Он вскочил и, согнувшись, забегал по комнате. Его руки были все время в воздухе, как крылья, кисти их болтались на высоте груди.
- Бедняжка, - сказала герцогиня, глядя на часы.
- Придворные лизоблюды возбуждают в короле, моем отце, подозрения против меня, утверждая, что я не могу дождаться вступления на престол.
- Но ведь вы можете?
- Боже мой, я желаю королю долгой жизни. Но мне хотелось бы тоже жить, а этого не хотят.
Он подкрался к ней на цыпочках и с напряжением шепнул у самого ее лица:
- Хотите знать, кто этого не хочет?
Она закашлялась; ее обдало сильным запахом алкоголя.
- Ну?
- Ие-зу-иты!
- А!
- Я слишком просвещен для них, поэтому они губят меня.

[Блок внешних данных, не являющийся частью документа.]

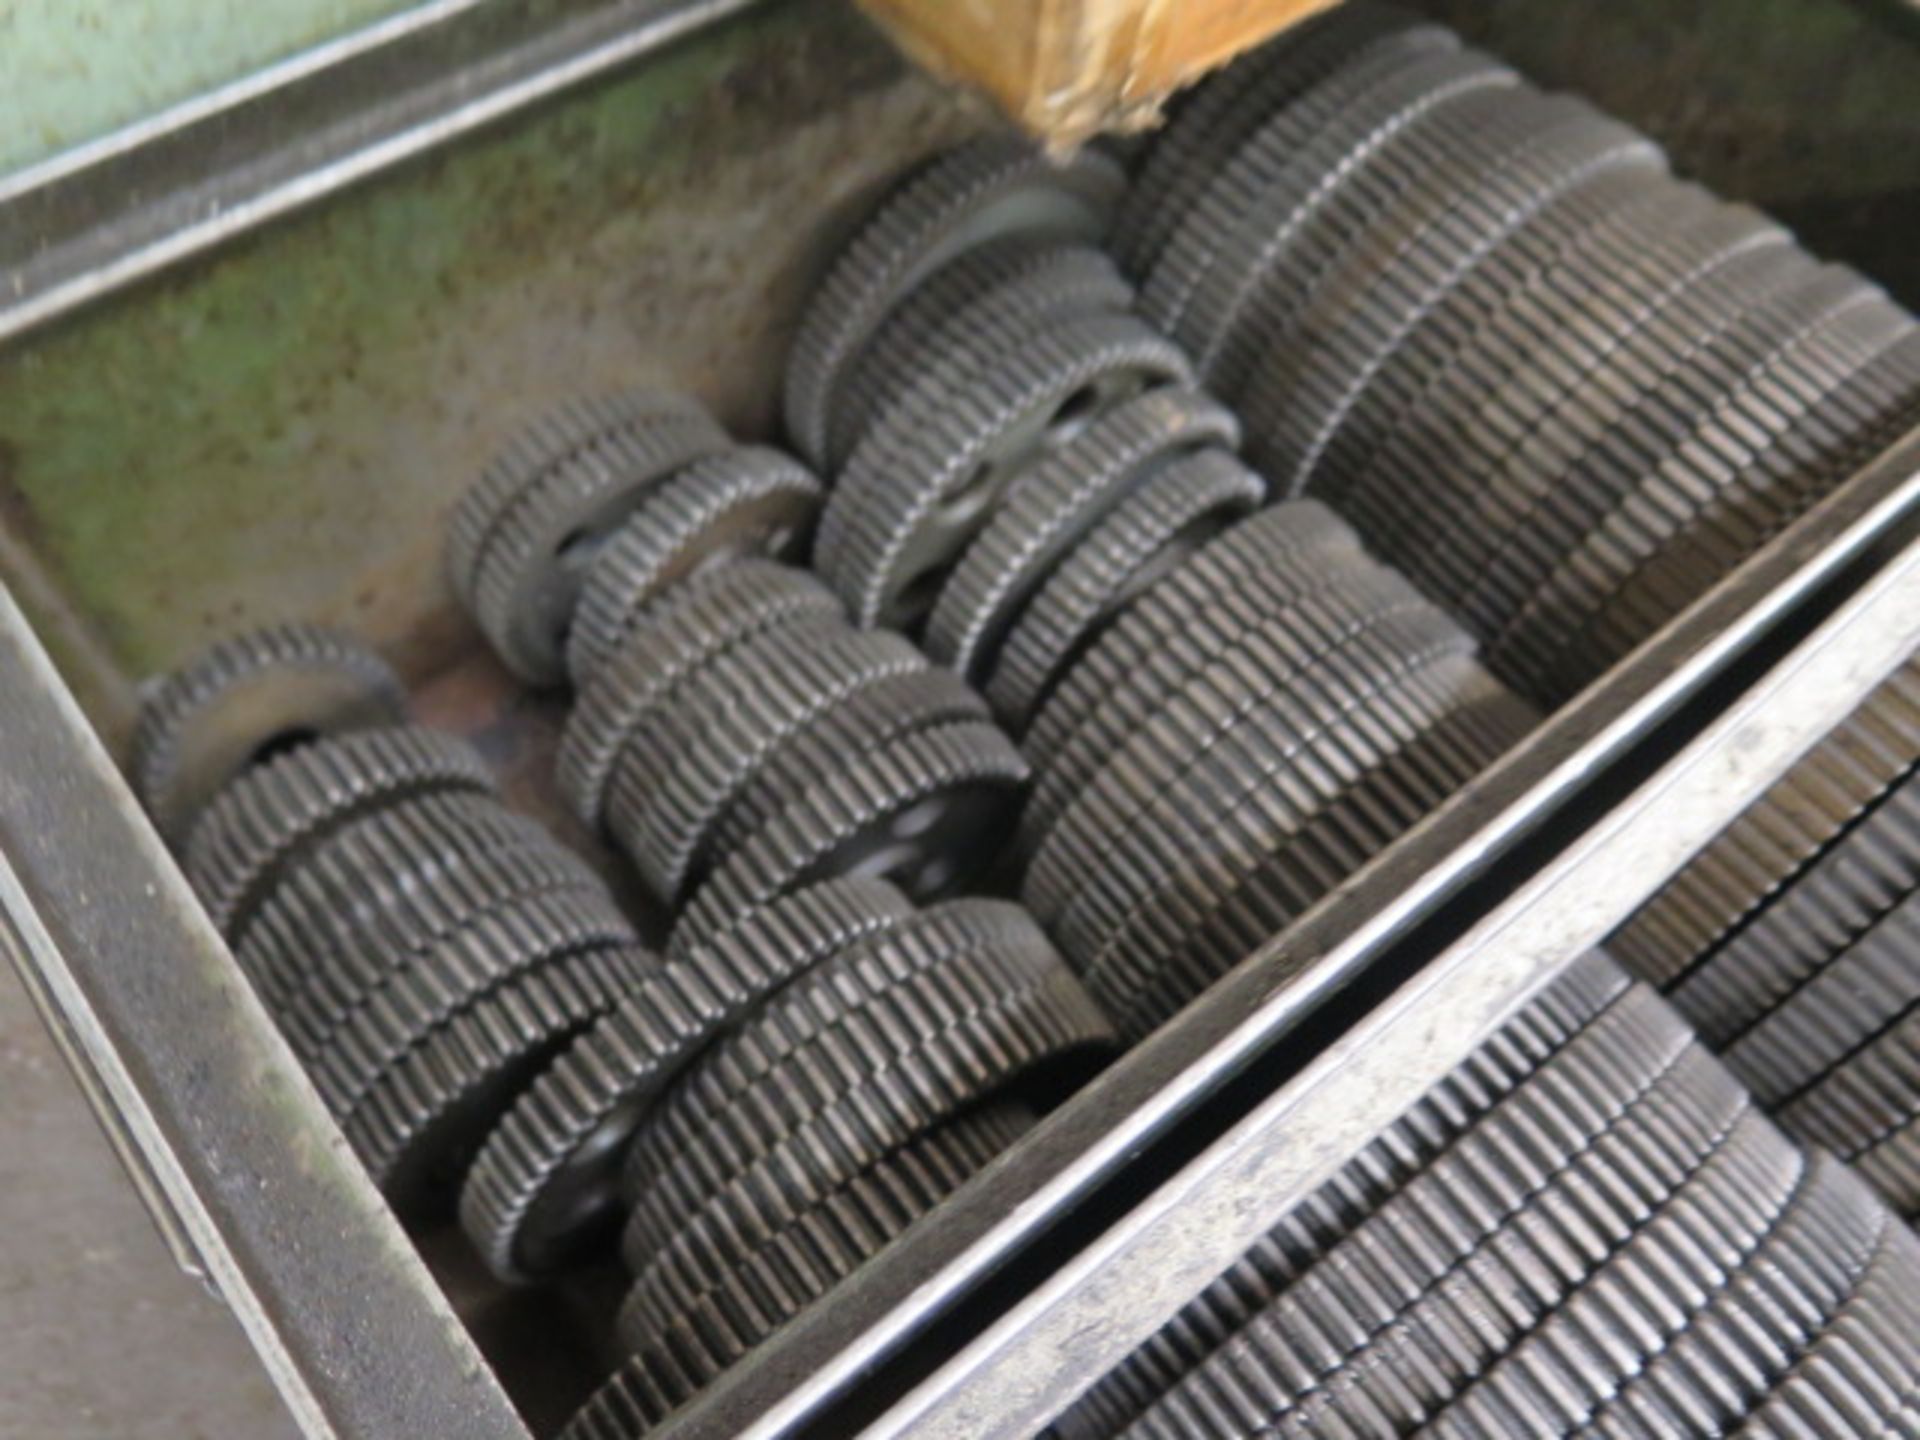 Storage Cabinet w/ Boston Gear Gear Set (SOLD AS-IS - NO WARRANTY) - Image 7 of 7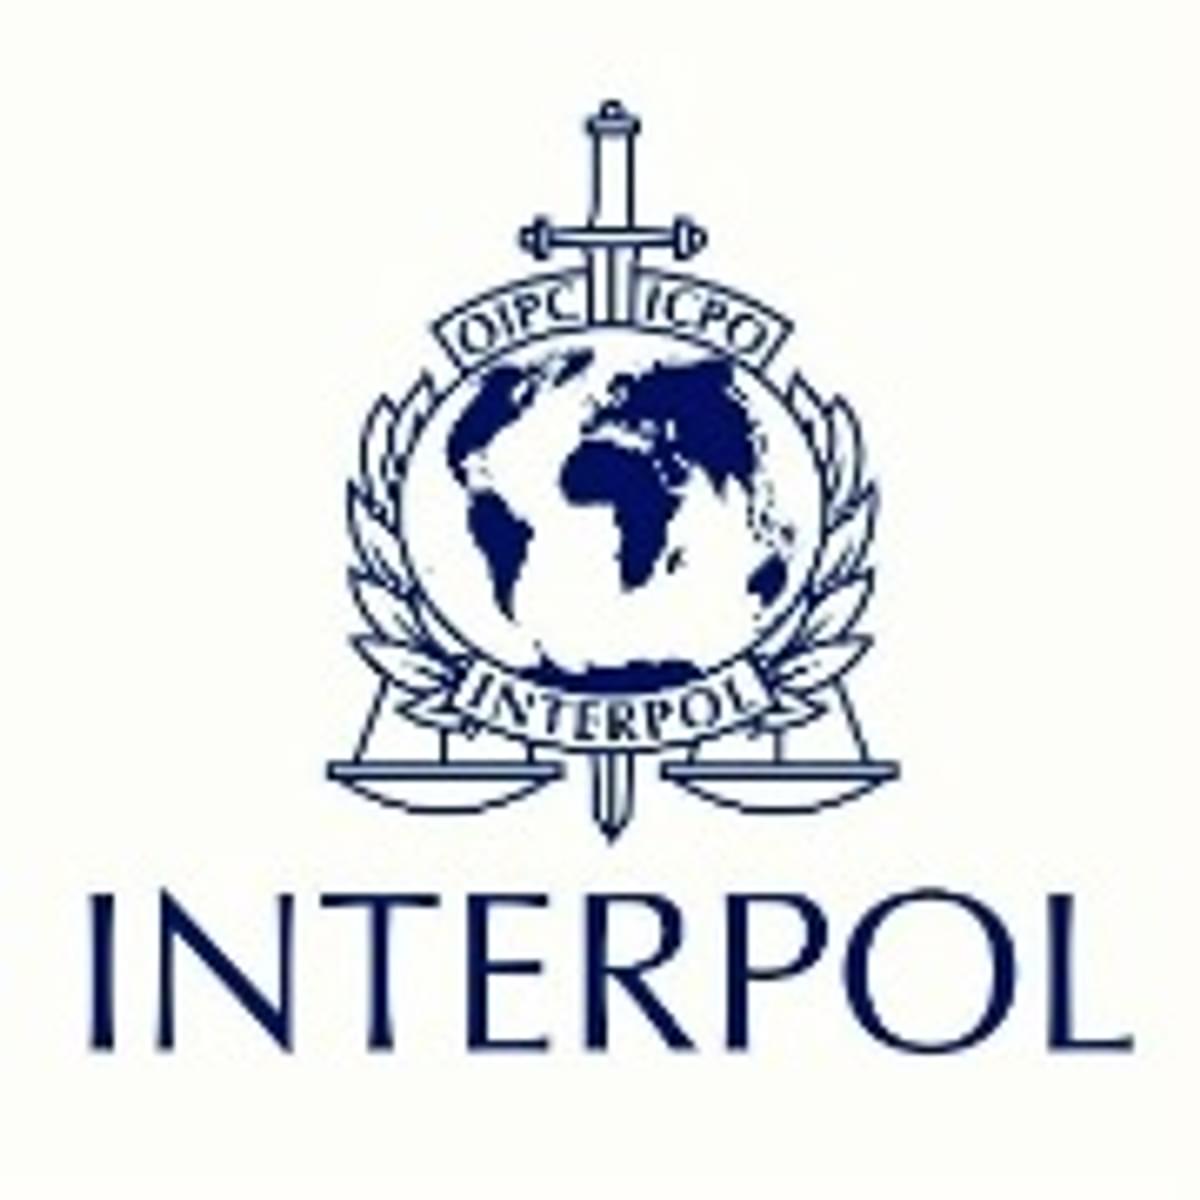 Interpol plaatst voormalig Wirecard COO Jan Marsalek op most wanted-lijst image

Но кто в теперешнее время набожен? Умные притворяются; я для этого слишком горд. Разве вы, герцогиня, верите в воскресение мертвых или в деву Марию, или вообще во все небесное царство? Что касается меня, то я перерос все это.
- Я никогда не интересовалась этим.
- Предрассудков у меня нет никаких, говорю я вам. Церковь боится меня, поэтому она губит меня.
- Как же она это делает?
- Она поощряет мои порски. Она подкупает окружающих меня, чтобы мне давали пить. Если я встречаю где-нибудь красивую женщину, то это подсунули ее мне монахи. Я не уверен даже, герцогиня, что вы... вы сами... может быть, вы все-таки набожны?
Он искоса поглядел на нее. Она не поняла.
- Почему вы стояли на днях на балконе как раз в то время, когда я проезжал?
- Ах, вы думаете?
Он колебался, затем тоже рассмеялся. Потом доверчиво придвинулся поближе к ней.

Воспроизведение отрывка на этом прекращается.